Whether you're a beginner or a seasoned gym-goer, I hope that these insights will help you avoid some of the common pitfalls and make the most out of your fitness journey.

1. Consistency is key:
Regular exercise is more effective than sporadic, intense workouts.
Consistency is one of the most important factors for achieving your fitness goals. Regular exercise is more effective than sporadic, intense workouts. By making exercise a consistent part of your routine, you’ll reap the benefits of a stronger and healthier body over time. Consistency also helps to build discipline and establishes good habits, making it easier to stick to your exercise routine in the long run.
Consistent exercise helps to increase your endurance, strength, and flexibility. It also boosts your mood, reduces stress, and improves sleep quality. Furthermore, regular exercise can reduce the risk of chronic health conditions such as heart disease, obesity, and type 2 diabetes.
However, it’s important to keep in mind that progress takes time, and expecting overnight results is unrealistic. Setting realistic goals and establishing a consistent workout routine is crucial in ensuring long-term success. It’s also important to listen to your body and not push yourself too hard, as this can lead to injury.
Consistency is a key factor in reaching your fitness goals and achieving a healthy, active lifestyle. It takes time and patience, but the benefits are well worth it. Incorporating exercise into your daily routine and making it a habit will help you lead a healthier, happier life.
2. Progress takes time:
Building muscle and losing fat takes time, don't expect overnight results.
Slow and steady progress is a crucial aspect of a successful workout regimen. The idea that results come overnight is a myth, and expecting immediate results can be demotivating and lead to frustration. Instead, it’s important to focus on gradual, consistent progress.
Focusing on slow and steady progress helps to prevent injury, as you’re gradually building up strength and endurance over time. It also allows you to better monitor your progress, making it easier to track your improvement and adjust your workout routine as needed.

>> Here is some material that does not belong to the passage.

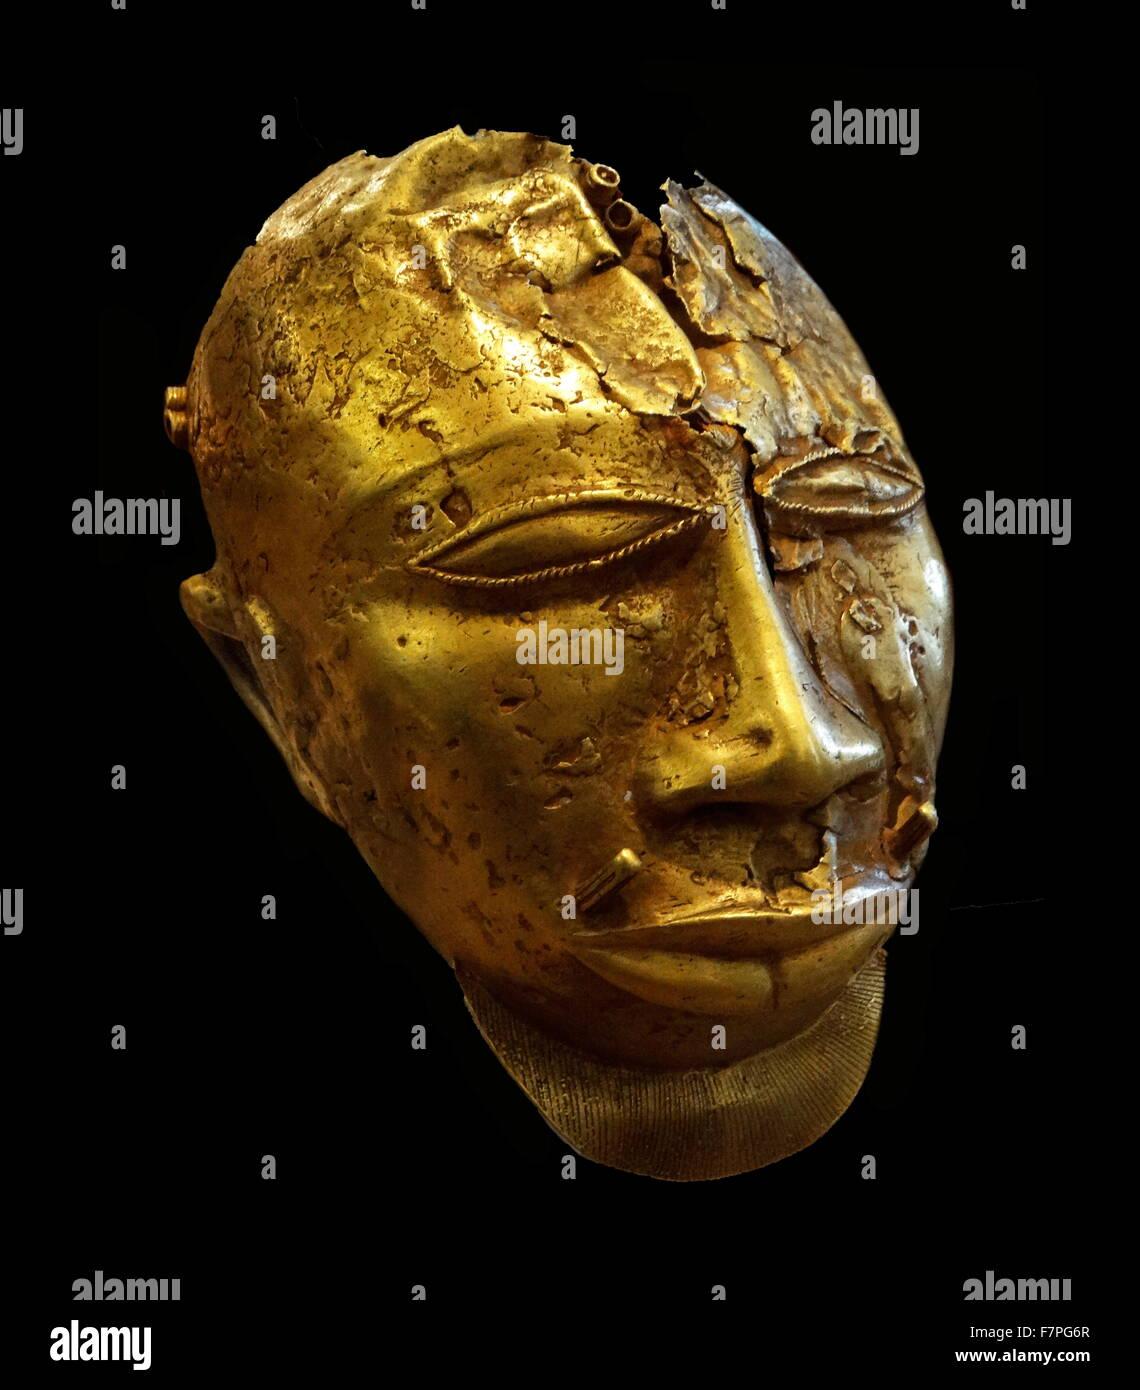 Part of the Treasure of Kofi-Karikari, King of Ashanti, present-day Ghana Stock Photo

In addition, slow and steady progress helps to build healthy habits and a sustainable exercise routine. Rather than pushing yourself too hard too soon, taking a slow and steady approach will ensure that you can stick to your workout routine in the long run. It also reduces the risk of burnout and makes it easier to maintain your progress even when life gets busy or stressful.
Moreover, slow and steady progress is beneficial for overall health and wellness. It helps to reduce stress, improve mood, and enhance sleep quality. It also reduces the risk of chronic health conditions, such as heart disease and type 2 diabetes, and promotes overall physical fitness.
Slow and steady progress is a key factor in achieving a successful workout regimen. It takes time and patience, but the benefits are well worth it. Focusing on gradual, consistent progress will help you achieve your fitness goals, lead a healthier lifestyle, and enjoy the benefits of regular exercise in the long run.
3. Form is important:
Proper form will help you avoid injury and get the most out of your workout.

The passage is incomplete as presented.